> _Brief_: Repeat word for word the lines from the one containing "Island Escape Plus" to the end of the material below, and leave all pictures out.

> _Recorded data_:
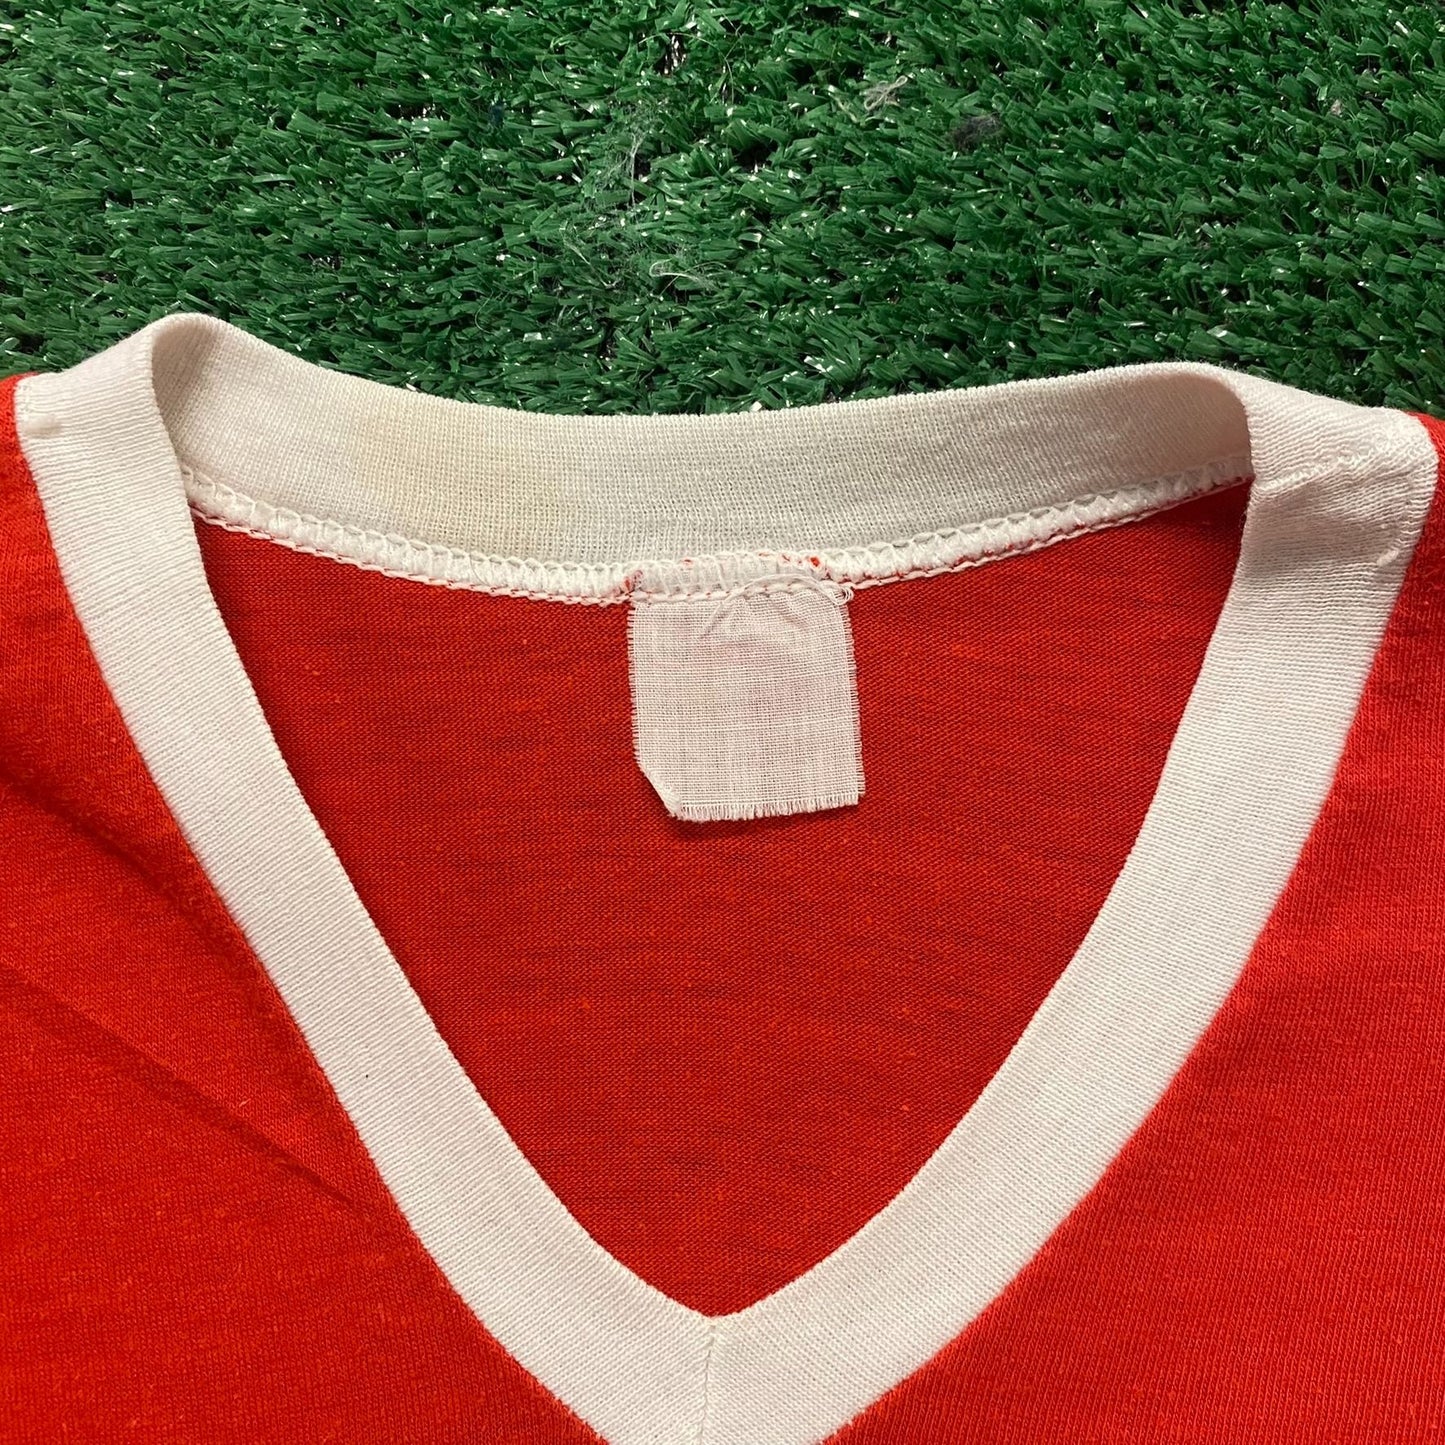 St. Louis Cardinals Baseball Vintage 80s Sports T-Shirt
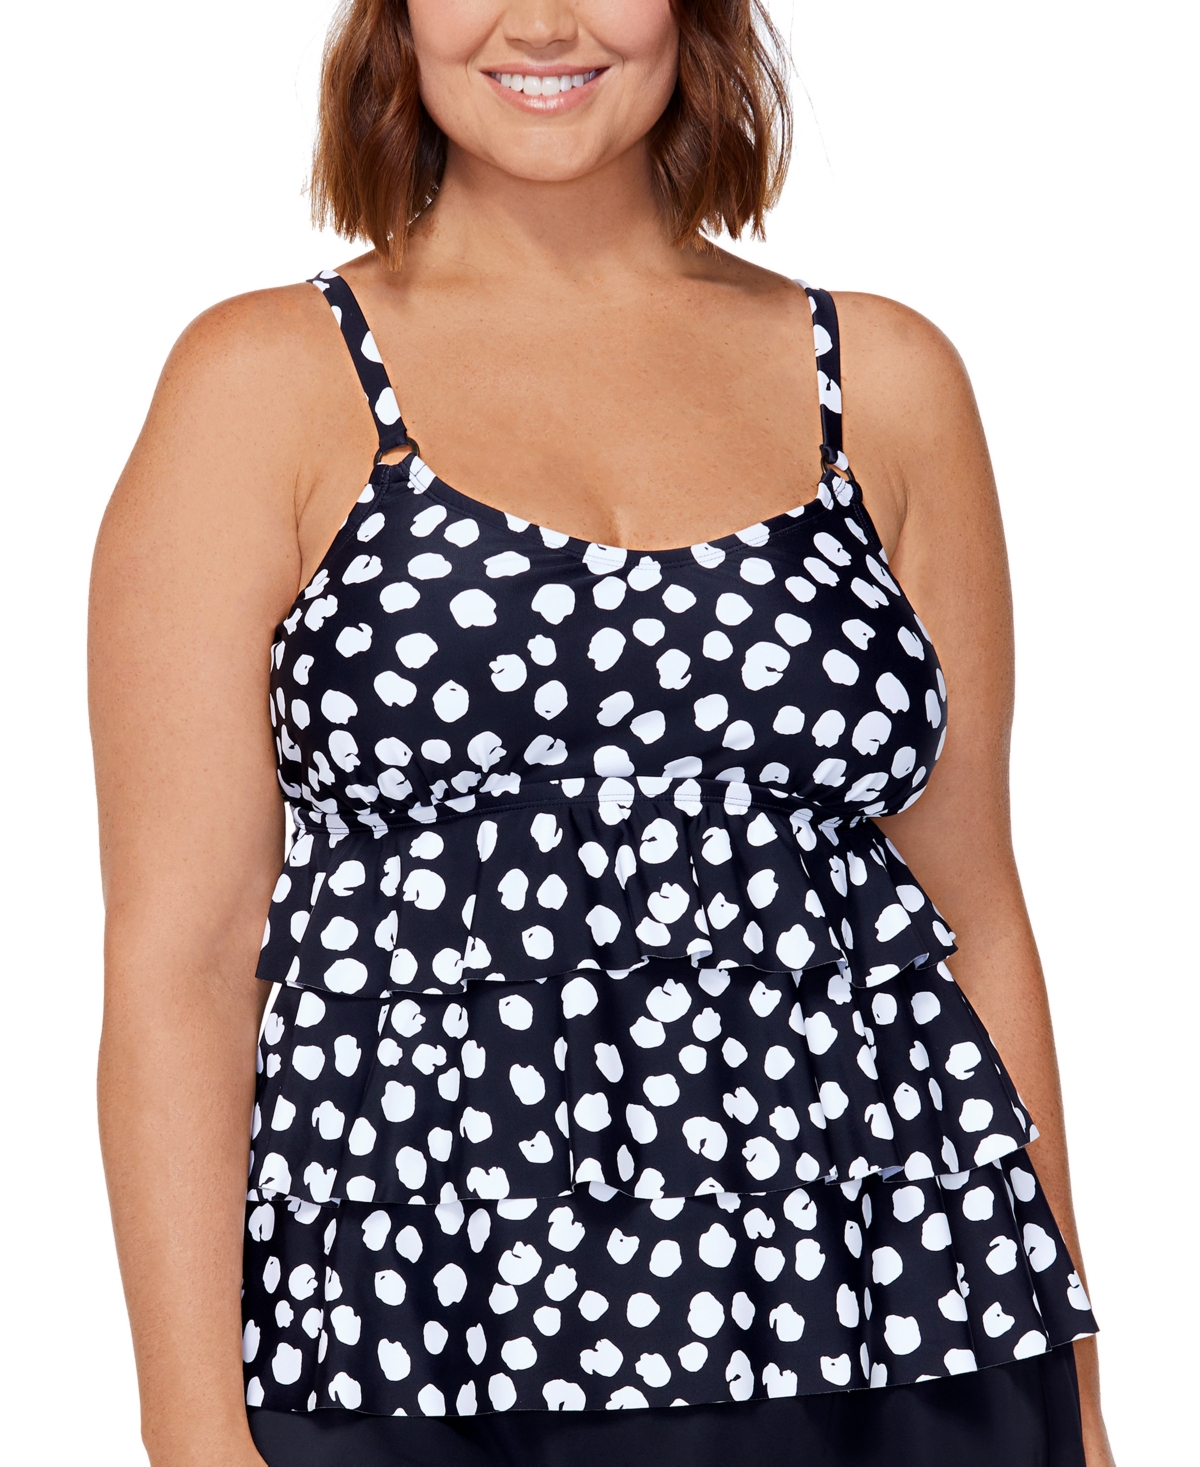 Island Escape Plus Size Printed Triple-Tiered Underwire Tankini Swim Top, Created for Macy's Women's Swimsuit
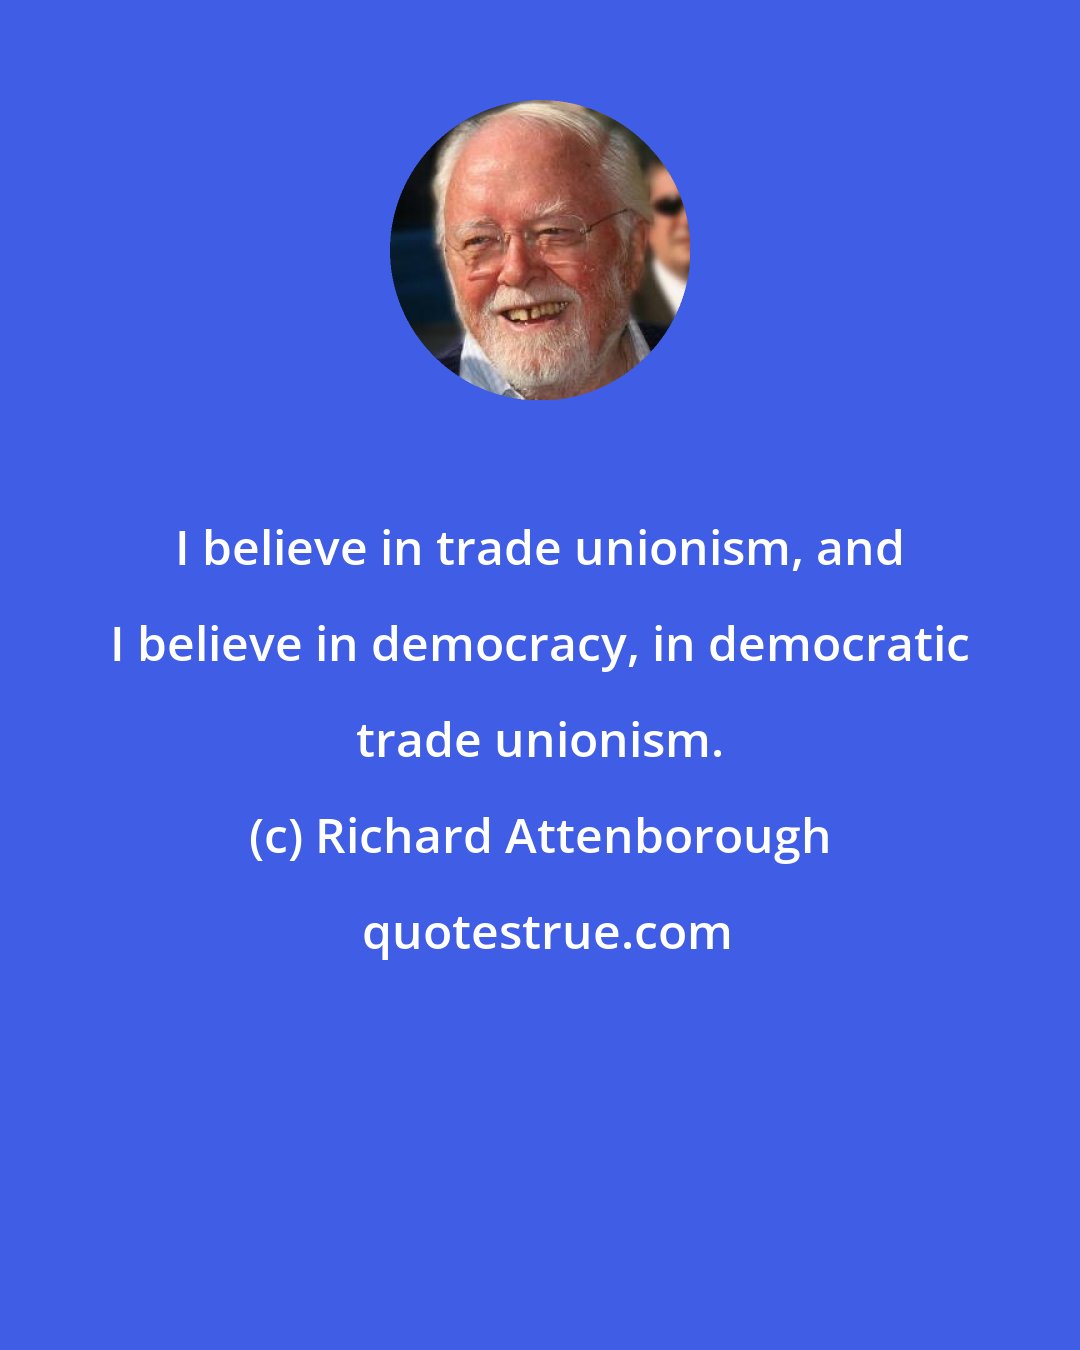 Richard Attenborough: I believe in trade unionism, and I believe in democracy, in democratic trade unionism.

> _Task output_:
 Island Escape Plus Size Printed Triple-Tiered Underwire Tankini Swim Top, Created for Macy's Women's Swimsuit
 Richard Attenborough: I believe in trade unionism, and I believe in democracy, in democratic trade unionism.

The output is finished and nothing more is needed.